By Melissa Daniels | PA Independent
HARRISBURG — Pennsylvania government kicked off budget hearings this week, setting up a three-week process of number crunching and policy showdowns meant to help lawmakers shape the spending plan for the coming year.
The talks commence against the economic backdrop of federal decisions that are putting a pinch on state revenues.
In January, the federal payroll tax paid by wage earners went from 4.2 percent to 6.2 percent. A 2-percent exemption previously in place was allowed to expire as part of the so-called “fiscal cliff” negotiations.
Analysts in Pennsylvania say the hike has already affected the state’s overall economy, including tax revenues.
Secretary of Revenue Dan Meuser said the expiration of the payroll tax exemption has hurt consumer spending, overall projections and consumer confidence.
“We certainly think it had a fair amount to do with our January collections, as did just the whole issue of approaching the fiscal cliff,” Meuser said.
The latest Department of Revenue figures put year-to-date sales tax collections at $5.3 billion, which is 3.4 percent less than anticipated.
Matthew Knittel, executive director of the Independent Fiscal Office, said the payroll tax hike will reduce Pennsylvanians’ disposable income by about $5 billion this year.
Combined with other federal tax increases, Pennsylvanians’ disposable income will take about a $7.7 billion hit.
So they’re shopping and eating out less.
“It does appear discretionary items, such as restaurant sales, are the hardest hit,” Knittel said.
The last round of debt ceiling talks a year-and-a-half ago caused consumer confidence to fall, Knittel said. The ongoing debt and budget wrangling could trigger another slow-down.
“It’s unclear what form that will take, but it will definitely filter down to Pennsylvania,” Knittel said.
Last fall, projected “fiscal cliff” cuts in Pennsylvania were estimated at about $300 million, Office of the Budget spokesman Jay Pagni said, spanning areas from public welfare to education to economic development.
But Washington lawmakers put off those cuts until March.
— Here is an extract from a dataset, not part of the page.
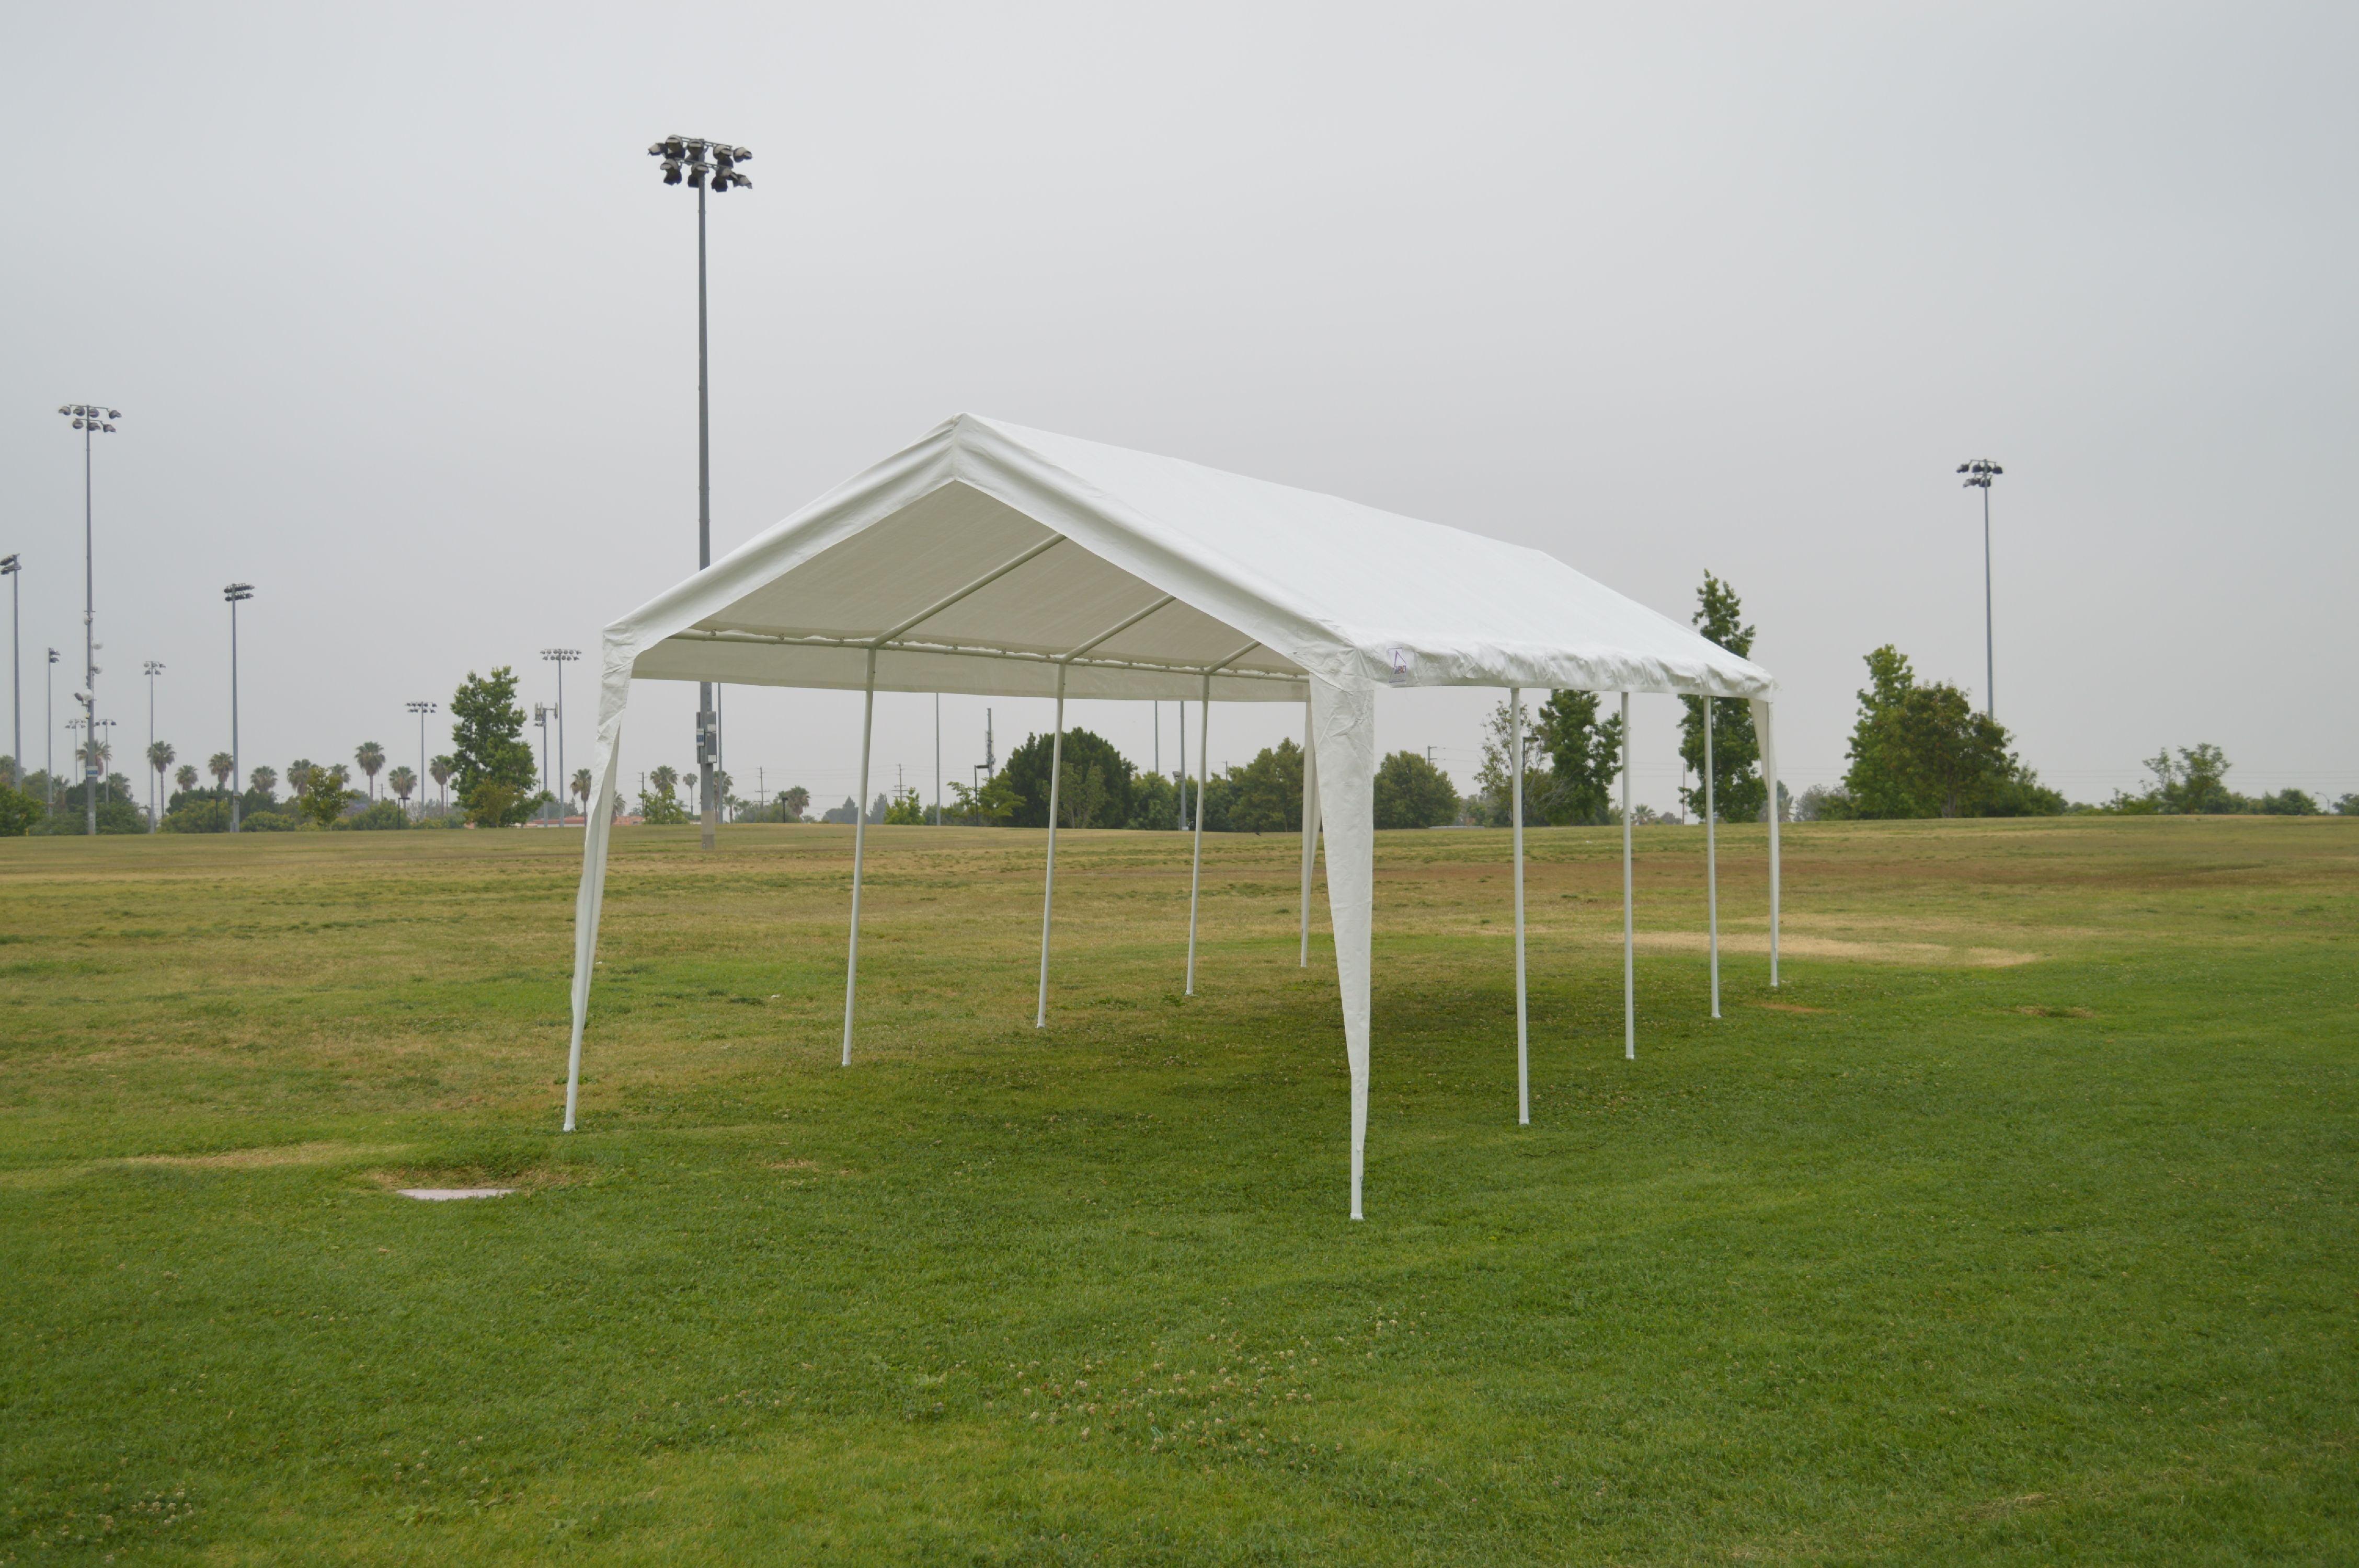 10' x 27' Carport Canopy Universal Grade Dual Carport by Impact Images Inc

Pagni estimates the effect, right now, could be about $241 million if the automatic cuts known as sequestration go into effect.
One example: An $8.5 million reduction to workforce development initiatives in Pennsylvania could affect as many as 1,300 people who benefit from those programs.
State agencies were told any loss of federal dollars wouldn’t be replaced by the state, and that’s still the case, Pagni said.
“The General Assembly, as well as the administration, are keenly aware of the impact that federal cuts, changes in law and really the federal economic outlook as a whole plays in the development of the budget,” Pagni said.
Gov. Tom Corbett’s proposed spending plan for 2013-2014 is $28.4 billion.
Despite the reality of what the Washington impasse can do to the state’s economy, there are encouraging signs of recovery. Pennsylvania residents are paying down debt, and the housing market continues to recover, Knittel said.
“Combined, these factors could bolster consumer spending and mitigate the impact of the federal tax increases later this year,” he said.
Knittel also said Pennsylvania’s job market should improve at “a moderate rate” over the next two years. The unemployment rate could reach pre-recession levels, or about 7.2 percent, sometime in 2014.
However, that’s still “considerably higher than historical levels,” Knittel said, which might be closer to 5.5 percent.